#### Data:
+ + +
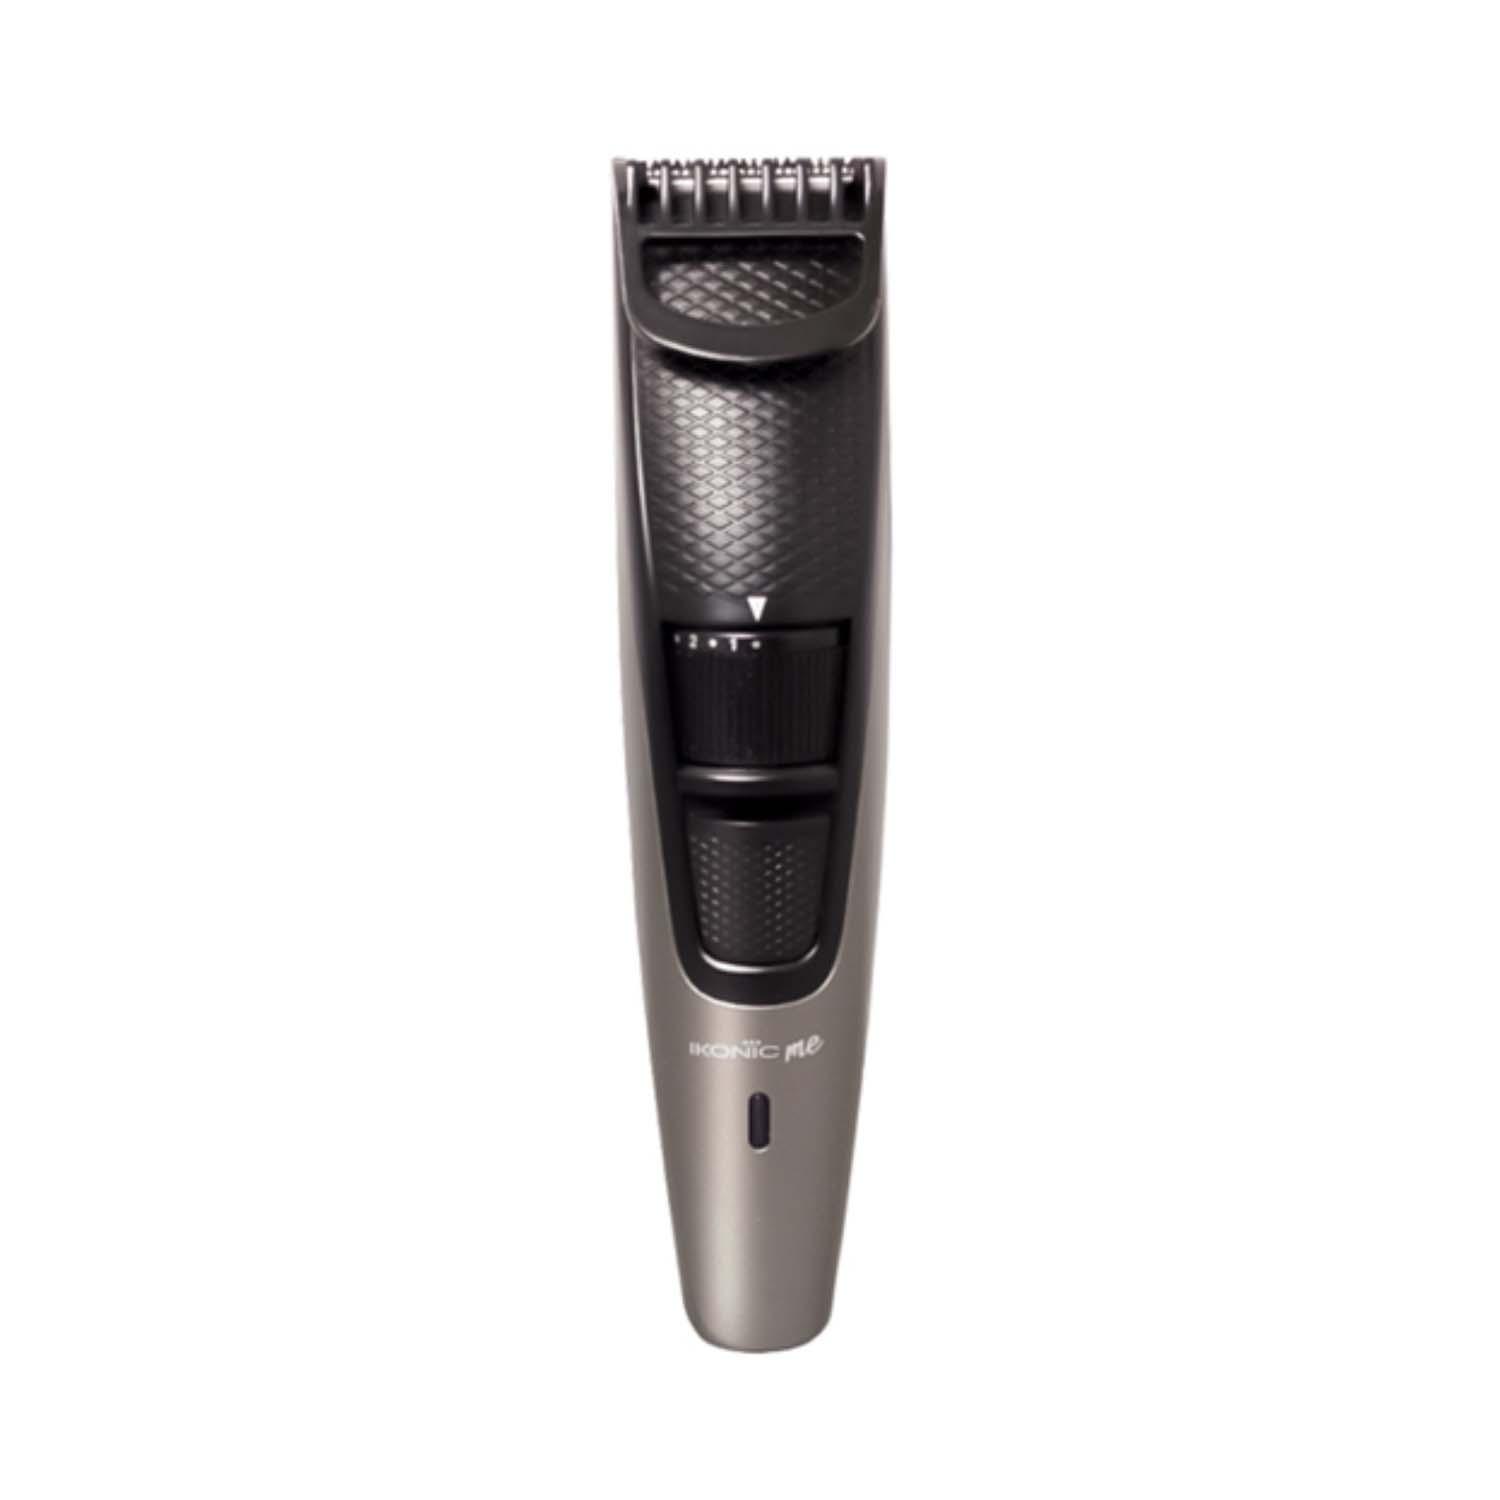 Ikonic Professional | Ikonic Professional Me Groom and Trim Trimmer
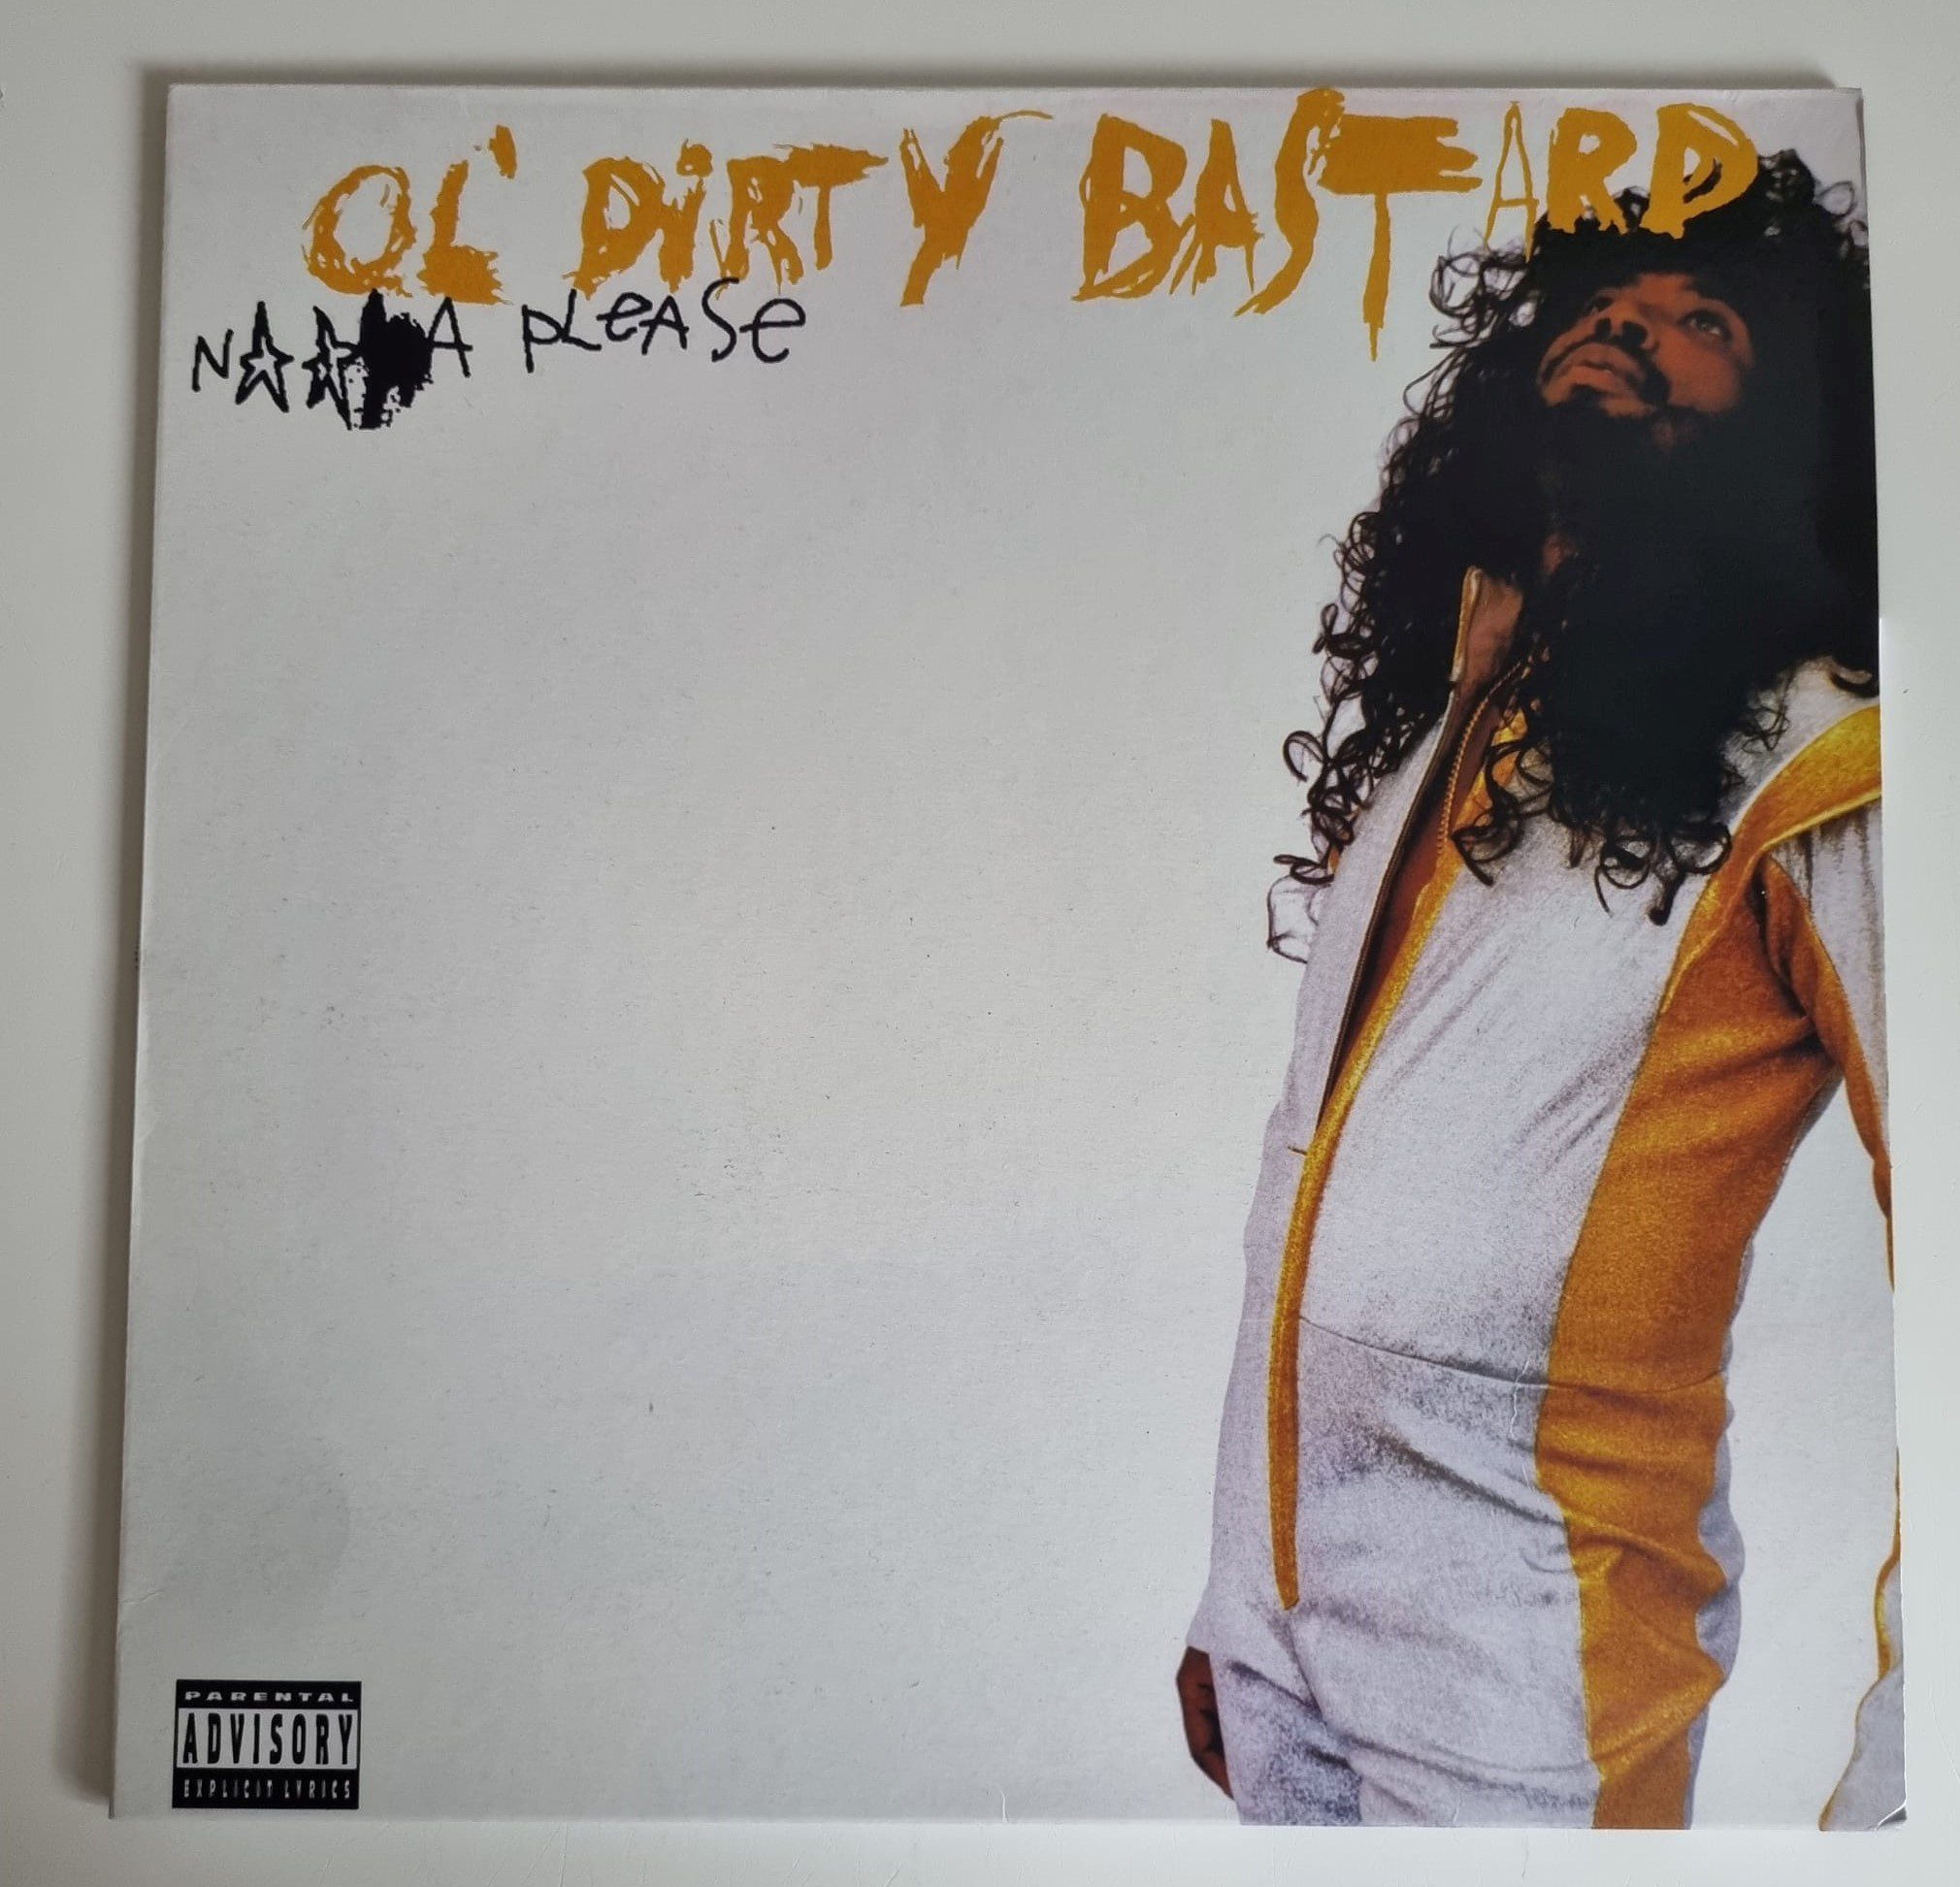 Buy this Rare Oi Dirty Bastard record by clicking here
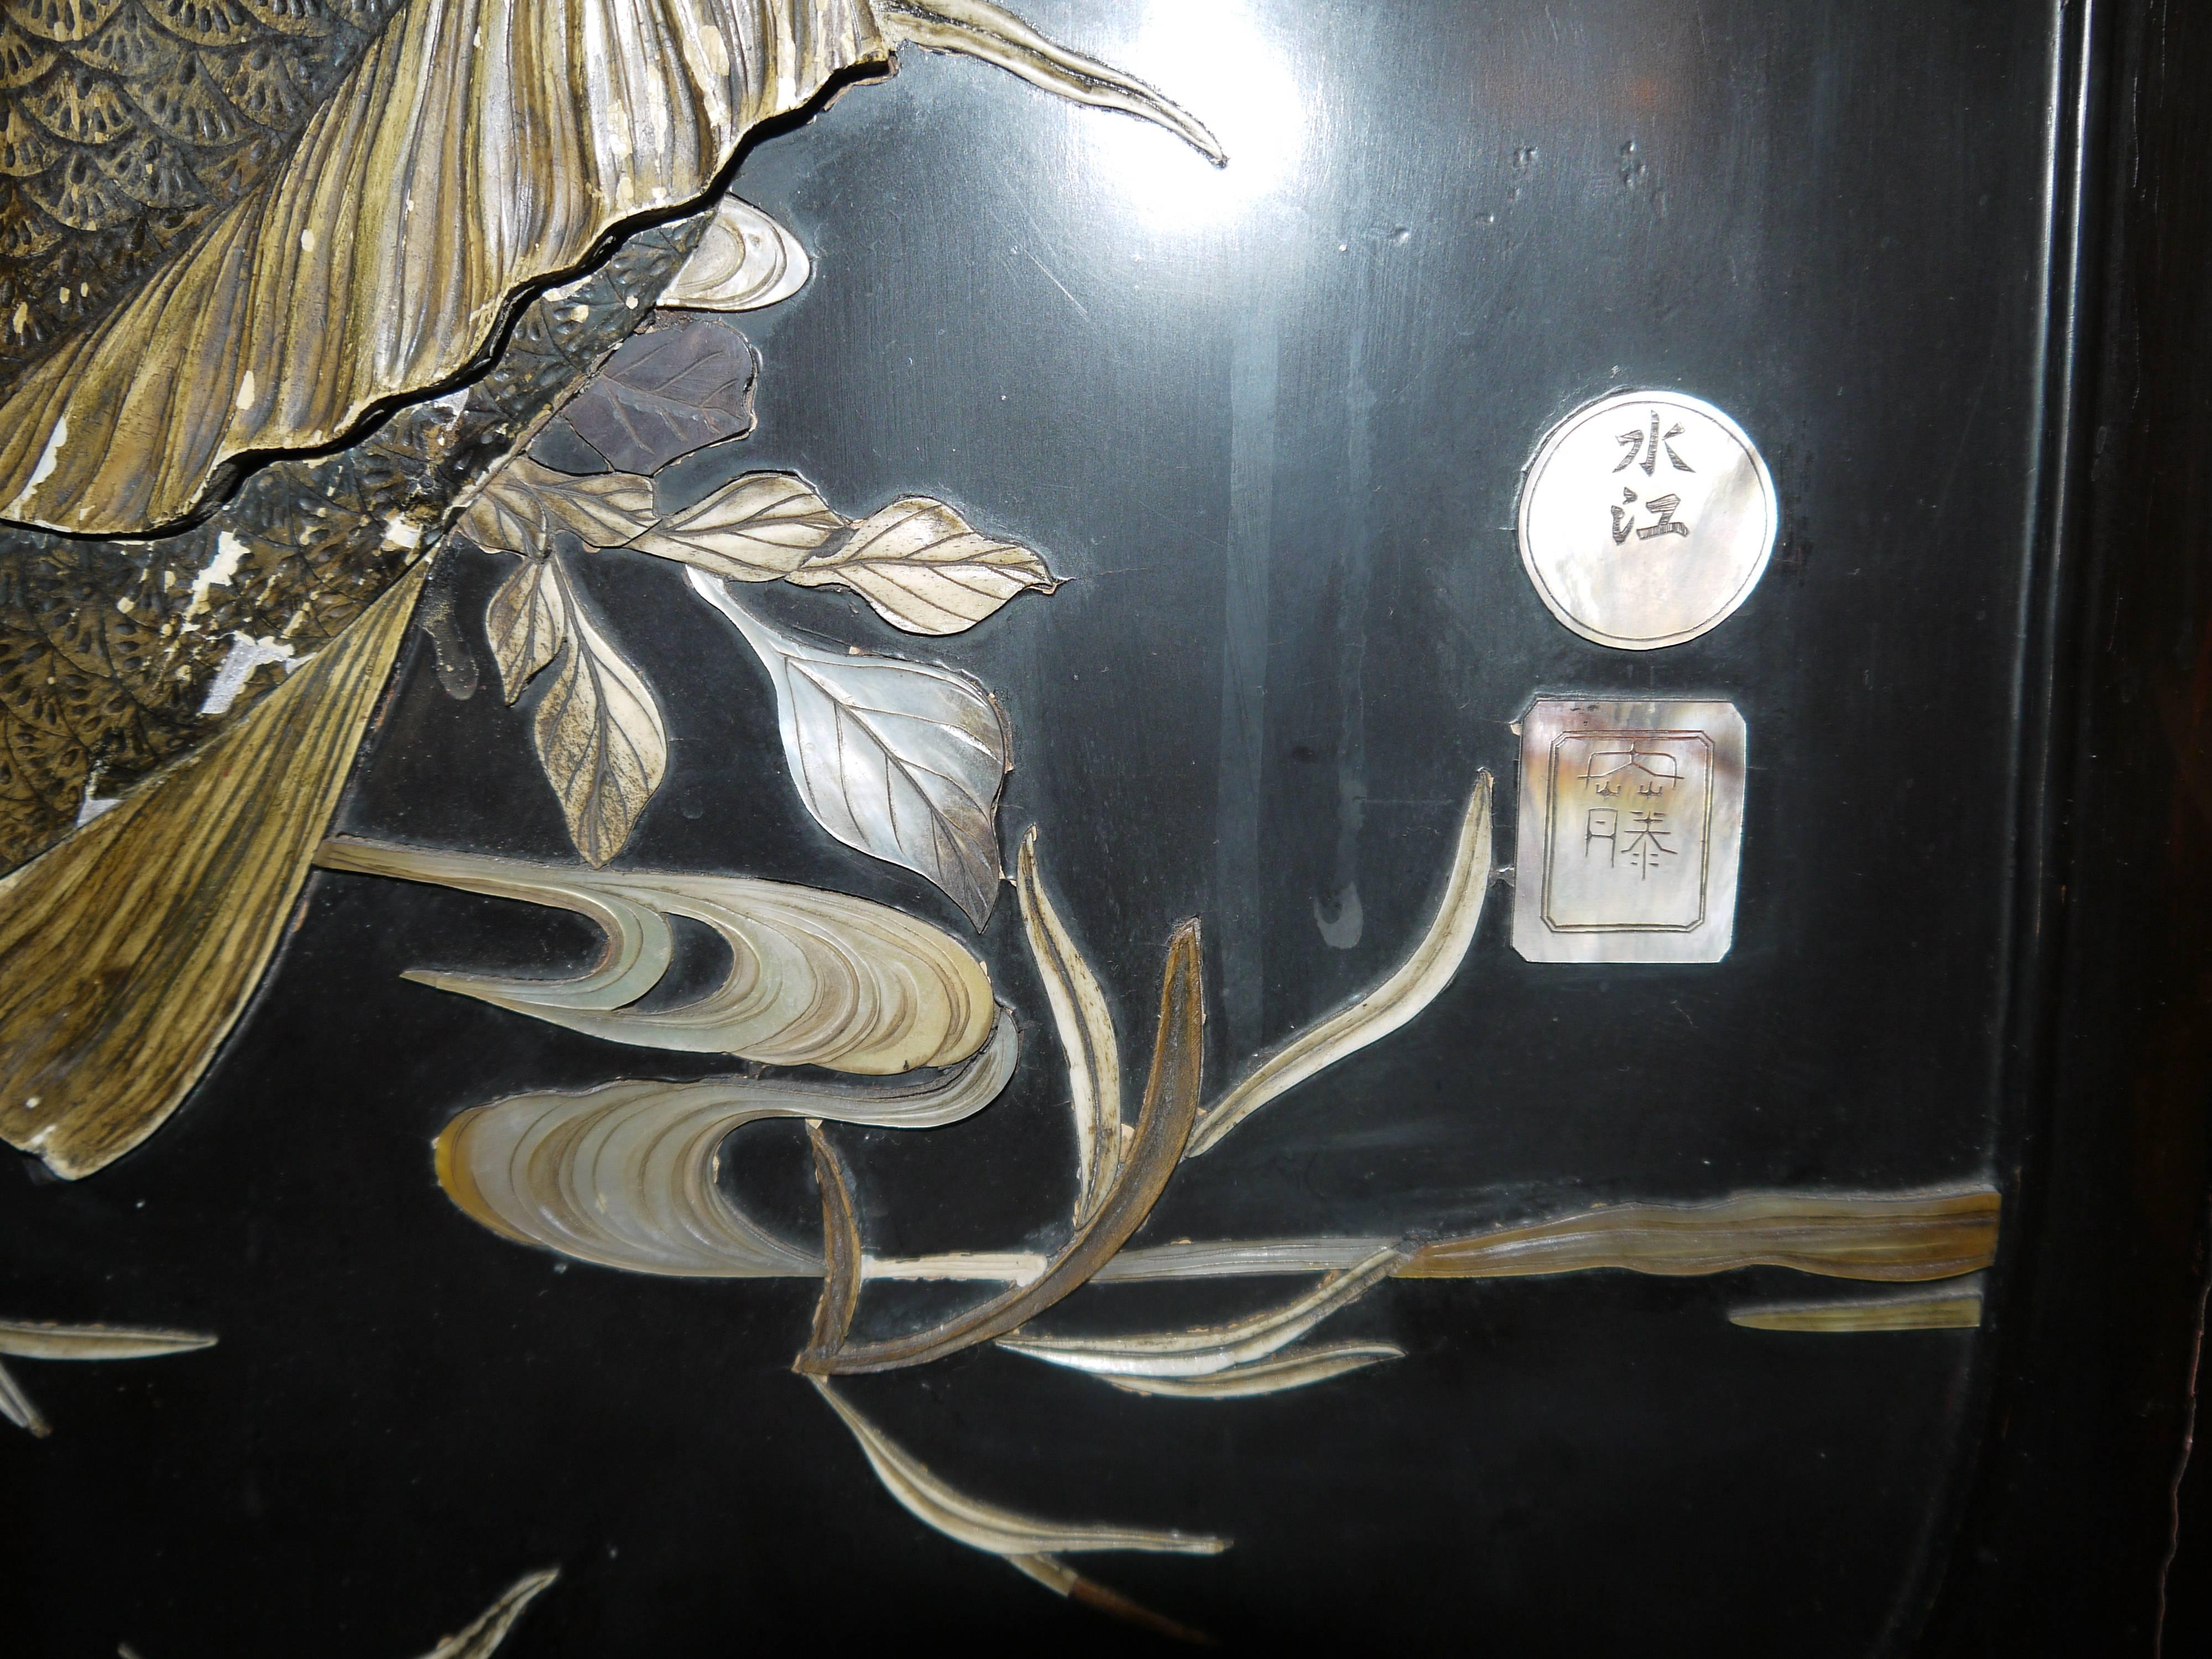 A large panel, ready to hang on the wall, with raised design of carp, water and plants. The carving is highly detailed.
+ + +
#### Exercise objective:
Repeat the listing above in full, exactly, and omit its pictures.

#### Expected output:
 Ikonic Professional | Ikonic Professional Me Groom and Trim Trimmer
 Buy this Rare Oi Dirty Bastard record by clicking here
 A large panel, ready to hang on the wall, with raised design of carp, water and plants. The carving is highly detailed.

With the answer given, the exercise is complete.